In this project, scene categorization is done using the following process (there are train and test images):

1. Build vocabulary: collect SIFT descriptors from training images and use k-mean to cluster them into the desired number of words in the vocabulary.
2. Build histogram for the training set: For each training image, ors, their distances to each word in the vocabulary, take the minimum distance for each descriptor, match it with the corresponding word, and build the histogram of the vocabulary in the image.
3. Train a one-vs-all SVM: use a linear SVM to train the model from histograms obtained from step 2.
4. Classify every test image in the test set with the trained SVM model.

Although the submitted code is designed to use a random set of descriptors of an image, I mostly run and test the results with the full set of descriptors to avoid errors generated by randomization.

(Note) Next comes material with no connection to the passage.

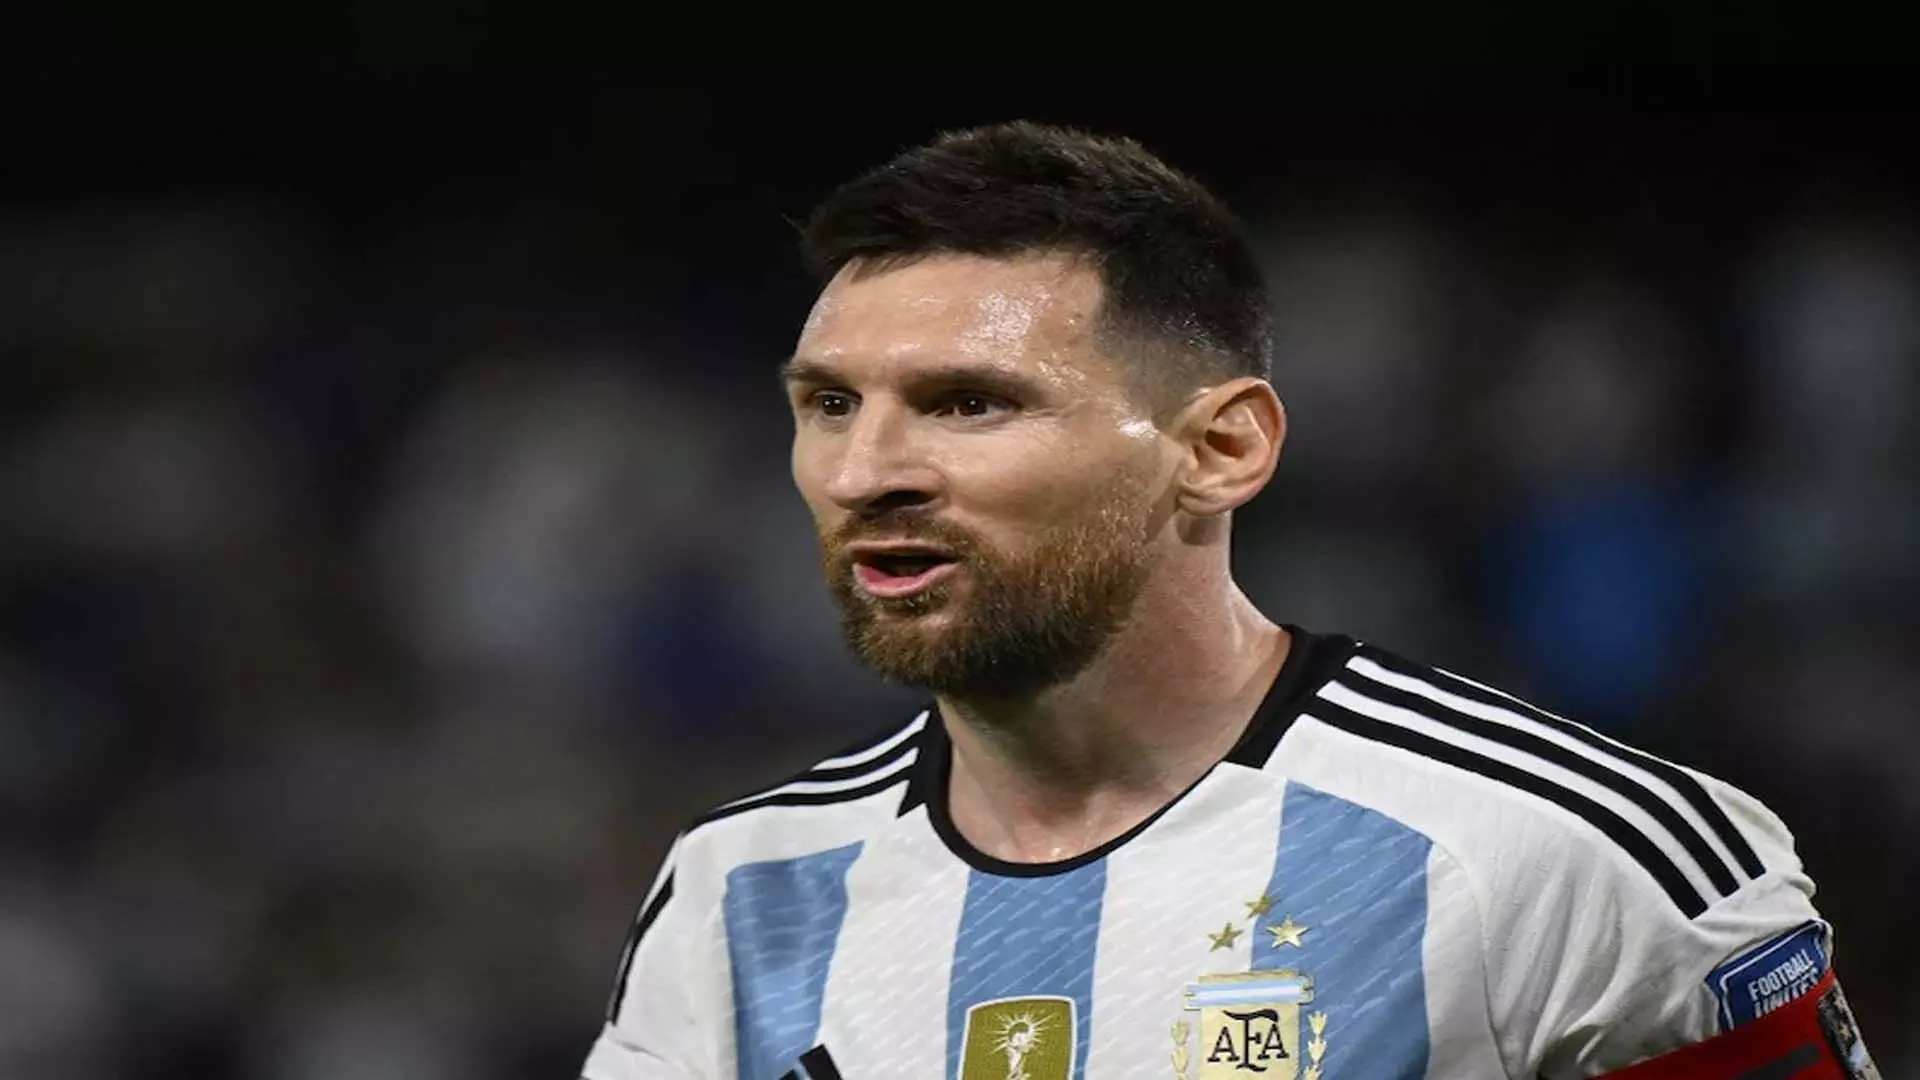 लियोनेल मेसी चोट के कारण अर्जेंटीना मैत्री मैचों से बाहर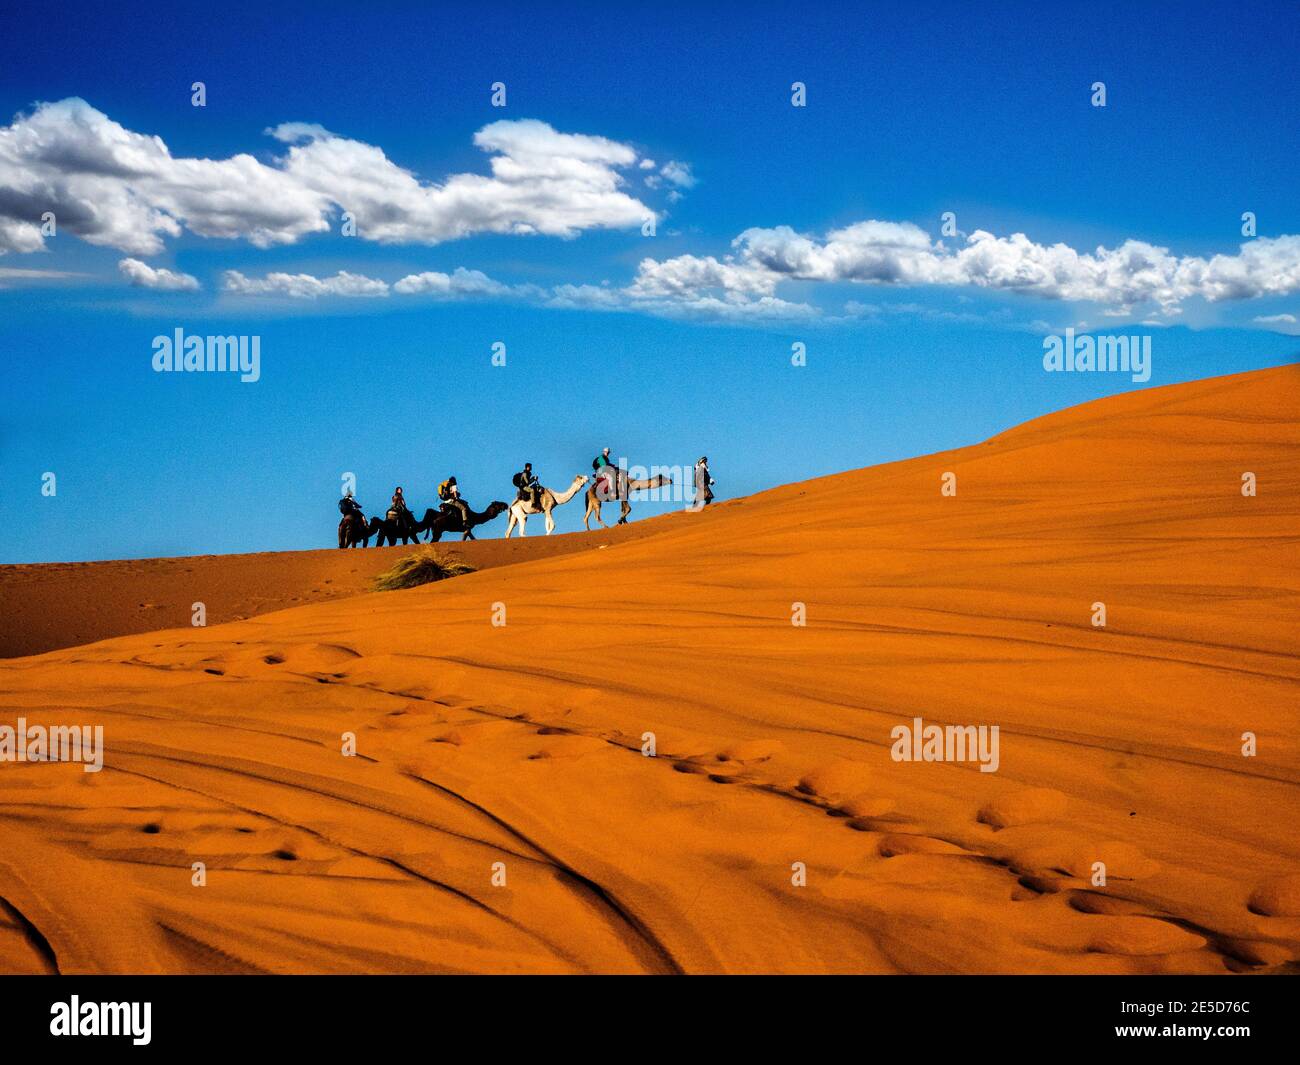 Camel train through the Sahara Desert, Morocco Stock Photo

Below is a result from a vocabulary chosen from random half of the descriptors. Accuracy = 0.6193.


Extra credit

 

1. Report performance on different vocabulary sizes:

8 different sizes are examined, overall results yield that 400 is the best size to be chosen. The graph shows relationship between them:

 

|V| = 10, Accuracy = 0.4213 |V| = 40, Accuracy = 0.5680 |V| = 80, Accuracy = 0.6047

|V| = 200, Accuracy = 0.6113 |V| = 400, Accuracy = 0.6180 |V| = 800, Accuracy = 0.6067

|V| = 1600, Accuracy = 0.6033 |V| = 10000, Accuracy = 0.5650

2. Pyramid Match Kernel:

I use a non-linear SVM using the histogram intersection matrix as the input kernel matrix. The result accuracy is improved to 0.7113 with vocabulary size = 200.